▶ ABOUT THIS TASK:
Give an unaltered copy of the listing below, minus its pictures.

▶ INFORMATION SUPPLIED:

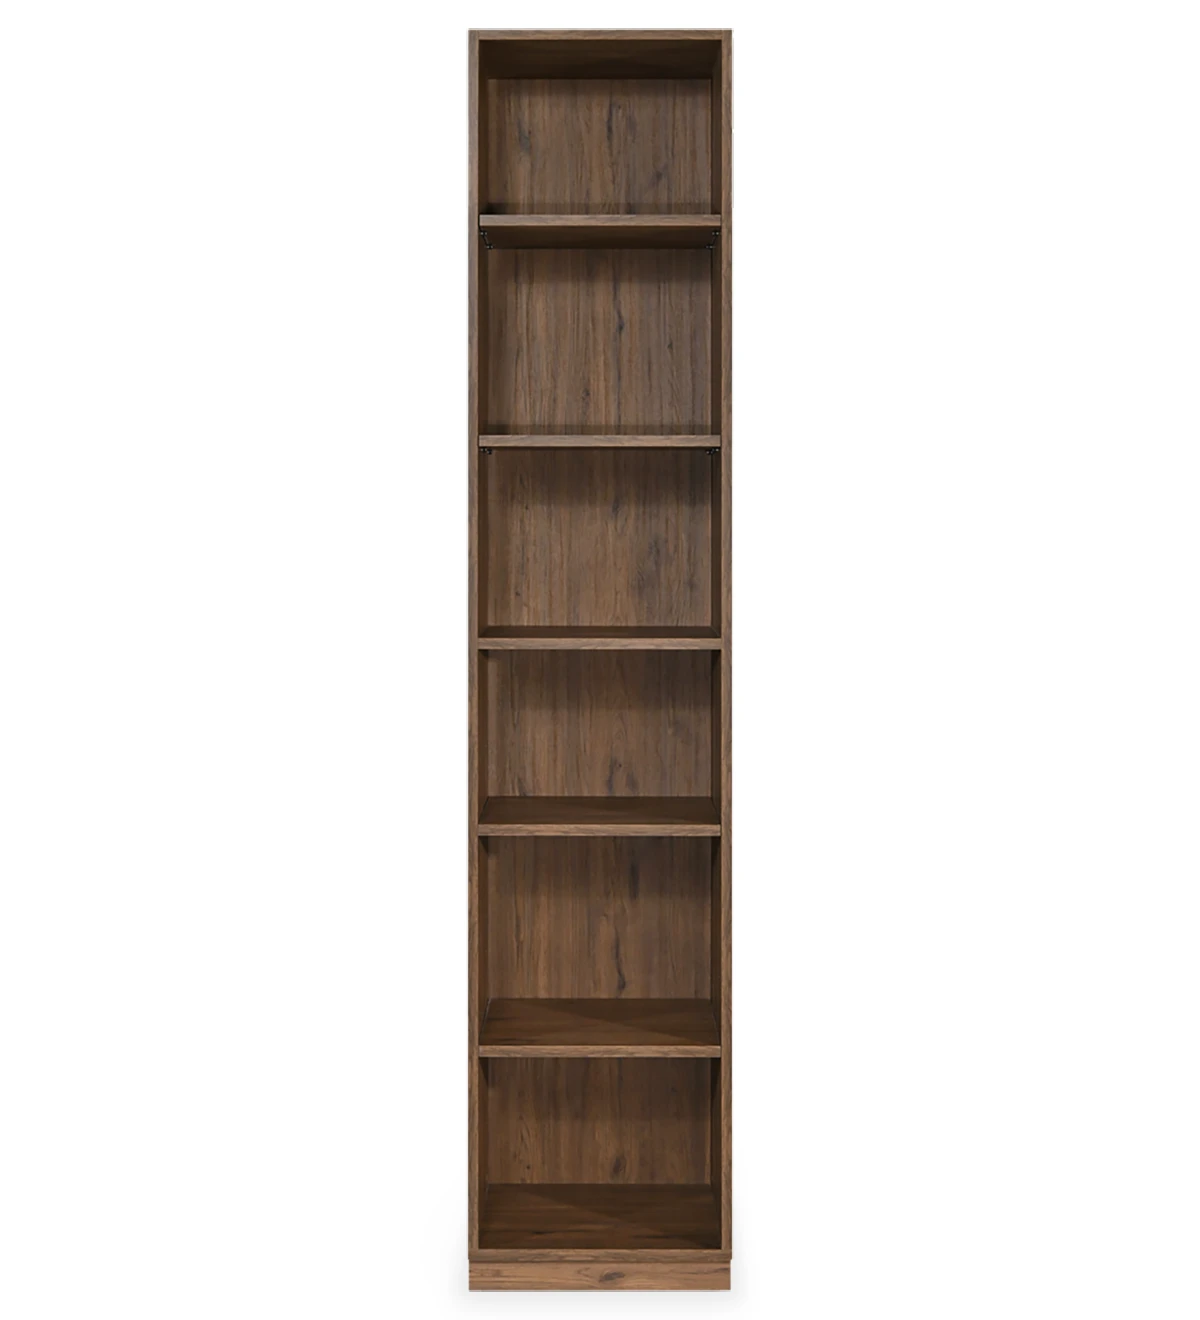 Librería alta de roble envejecido, con estantes extraíbles.
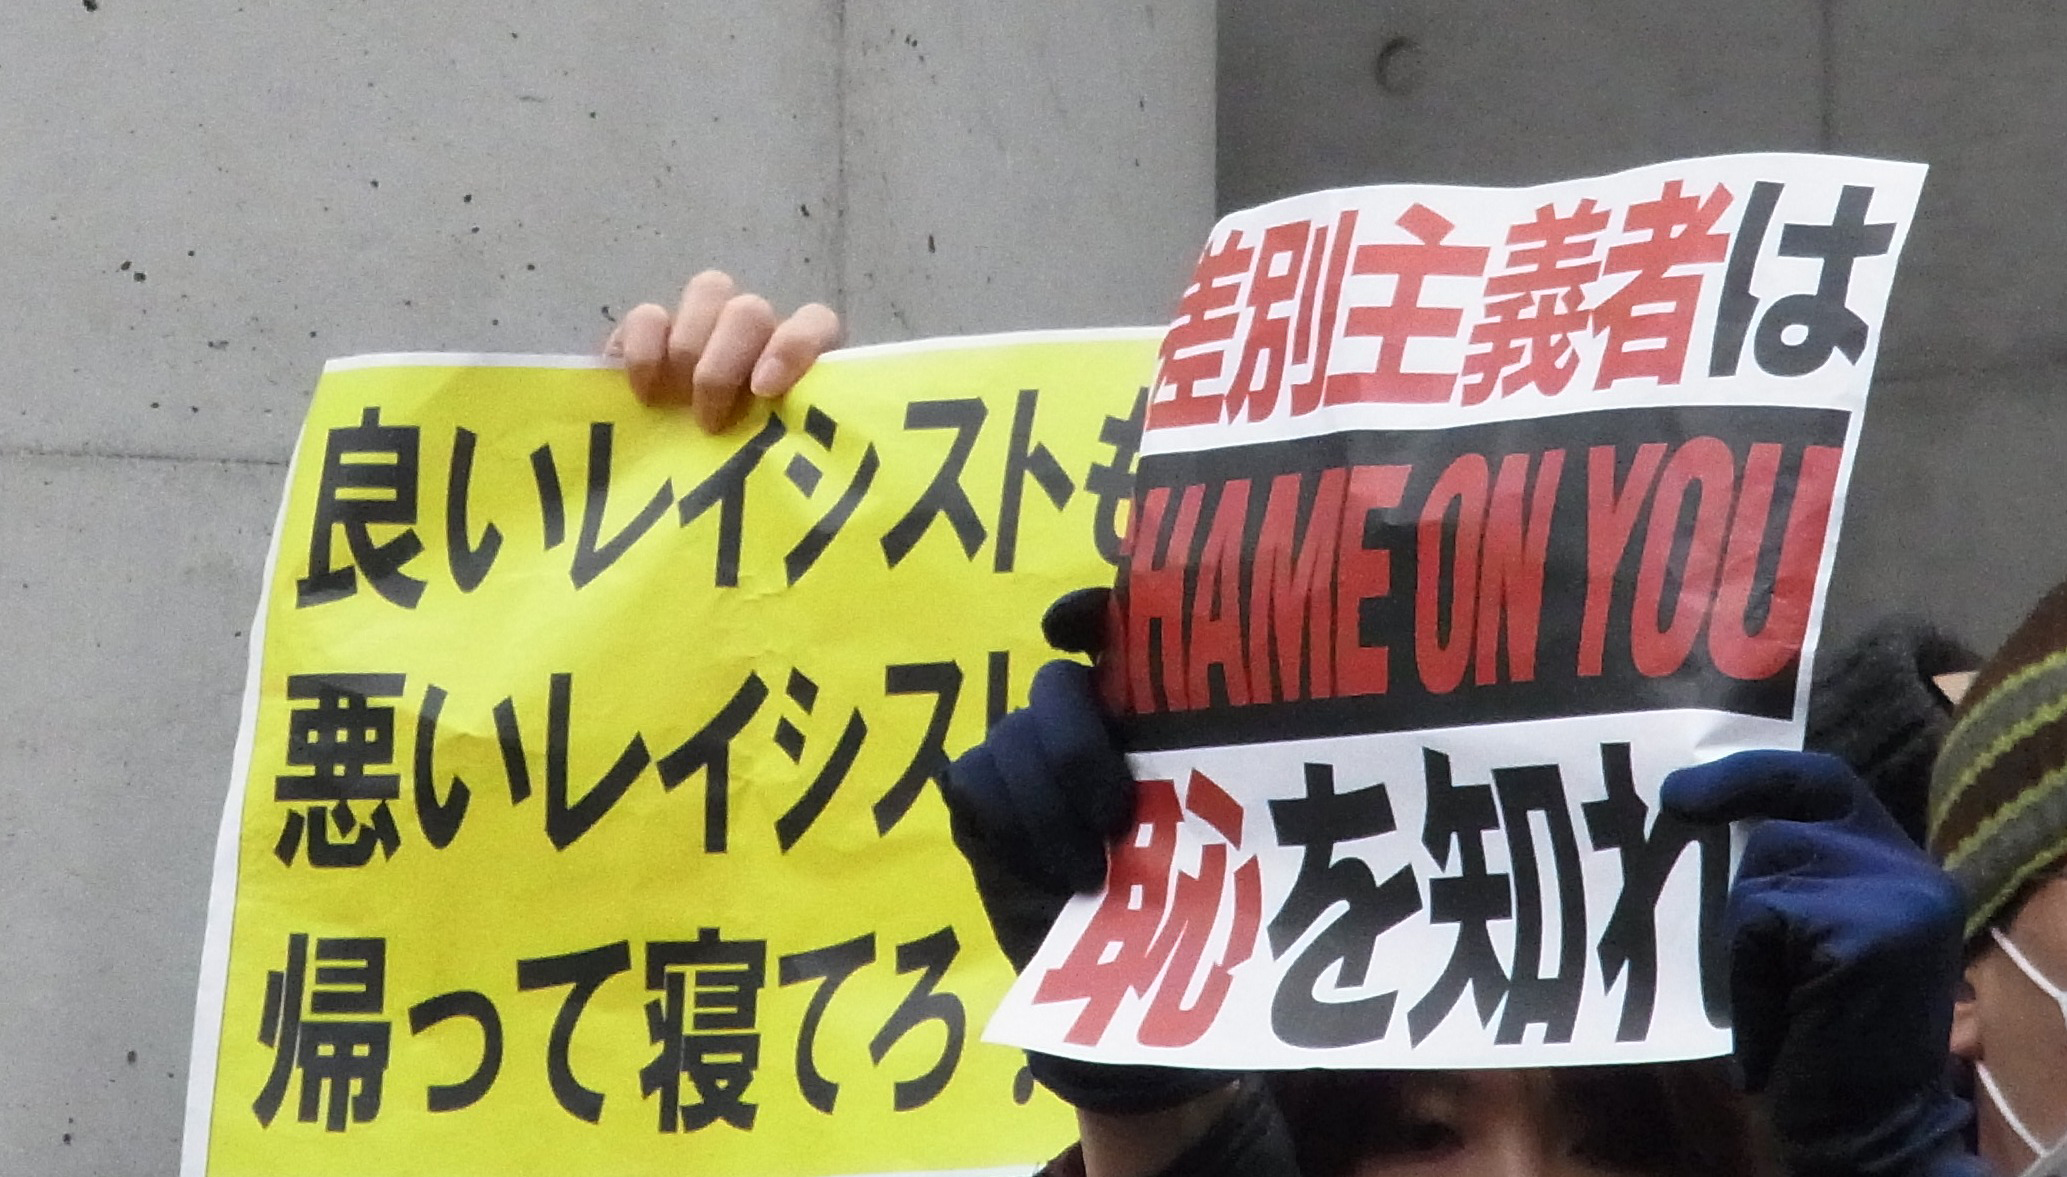 嫌韓デモに抗議活動活発化 日本も捨てたものじゃない の声 Newsポストセブン
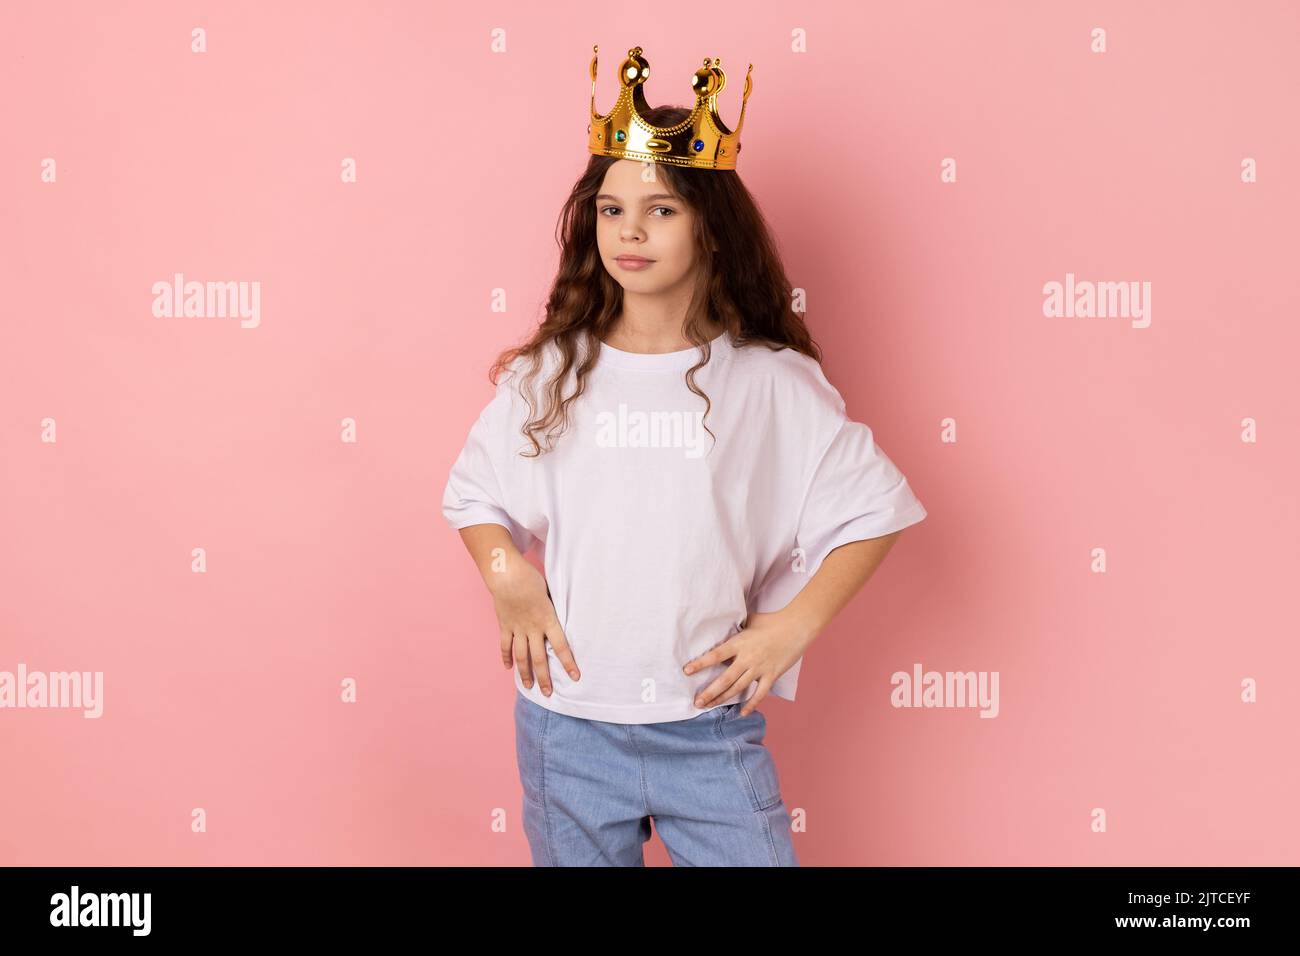 Porträt eines kleinen Mädchens in weißem T-Shirt, das egoistisch auf die Kamera schaut, die mit Krone auf dem Kopf posiert, vorgibt, Prinzessin zu sein, die Hände an den Hüften hält. Innenaufnahme des Studios isoliert auf rosa Hintergrund Stockfoto
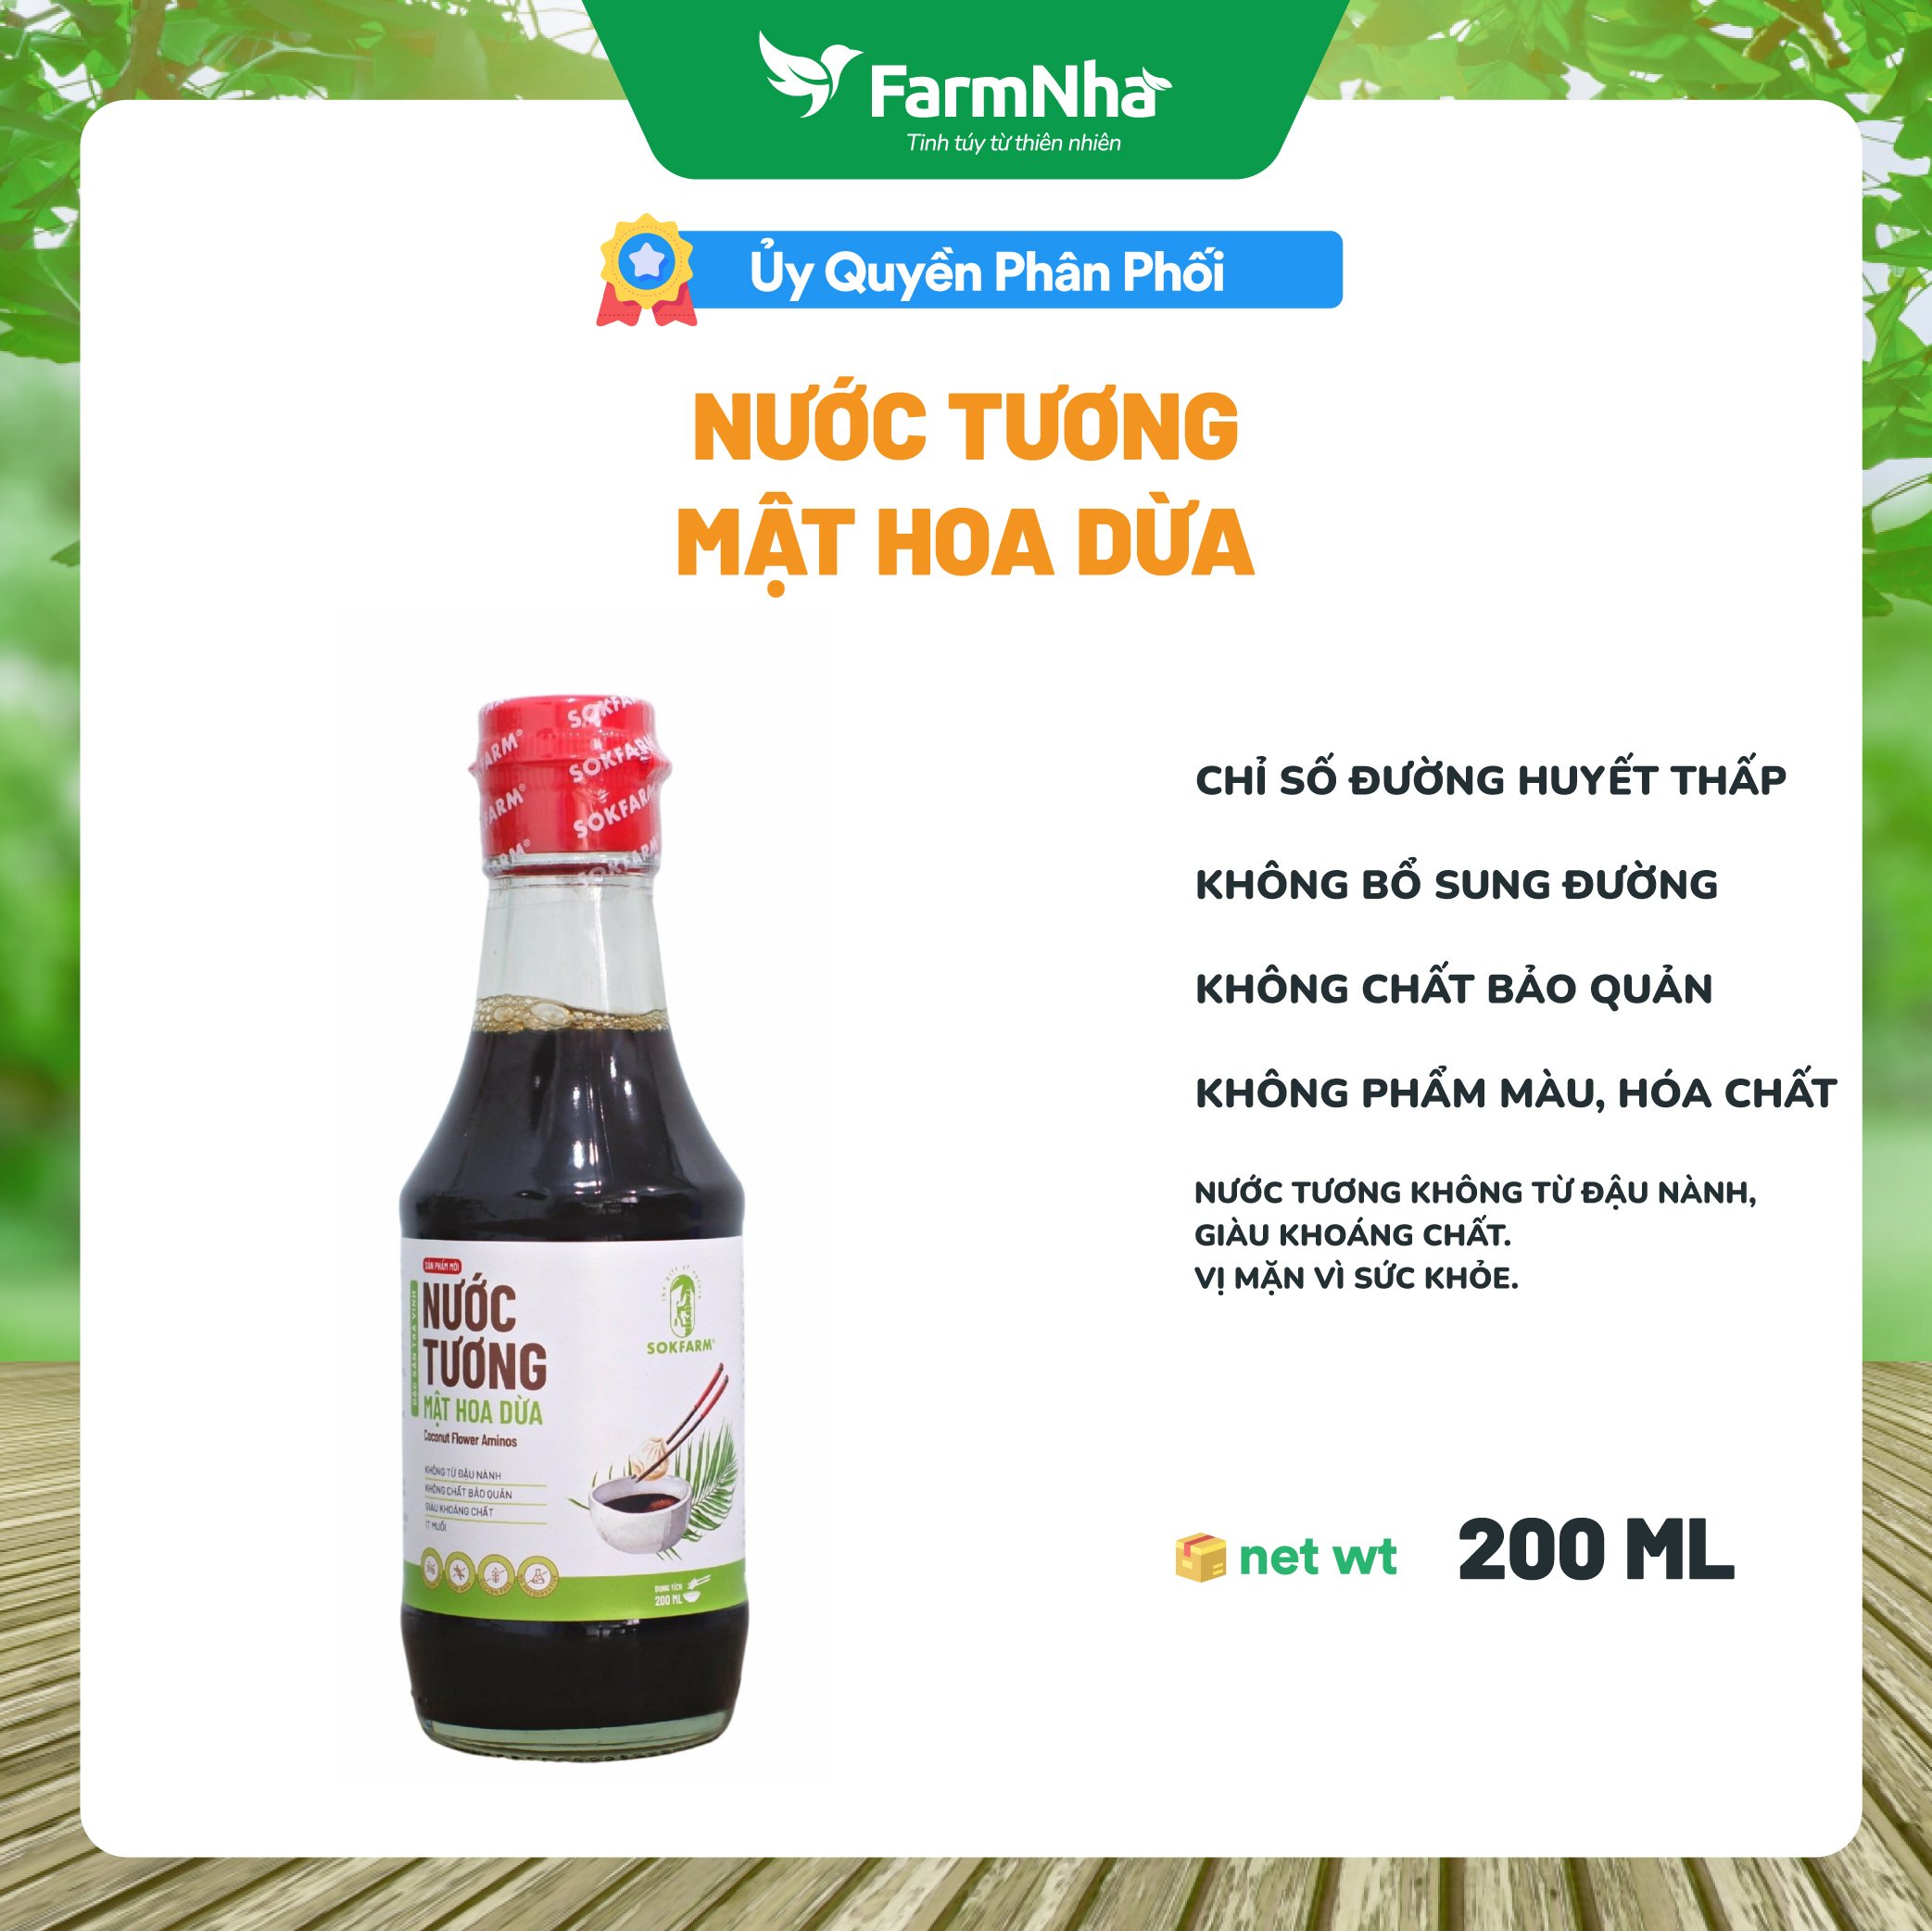 Nước Tương Mật Hoa Dừa Sokfarm - Lên men từ mật hoa dừa và không từ Đậu Nành, hàm lượng muối thấp bảo vệ sức khỏe

▶ RESPONSE:
 Librería alta de roble envejecido, con estantes extraíbles.
 嫌韓デモに抗議活動活発化 日本も捨てたものじゃない の声 Newsポストセブン
 Porträt eines kleinen Mädchens in weißem T-Shirt, das egoistisch auf die Kamera schaut, die mit Krone auf dem Kopf posiert, vorgibt, Prinzessin zu sein, die Hände an den Hüften hält. Innenaufnahme des Studios isoliert auf rosa Hintergrund Stockfoto
 Nước Tương Mật Hoa Dừa Sokfarm - Lên men từ mật hoa dừa và không từ Đậu Nành, hàm lượng muối thấp bảo vệ sức khỏe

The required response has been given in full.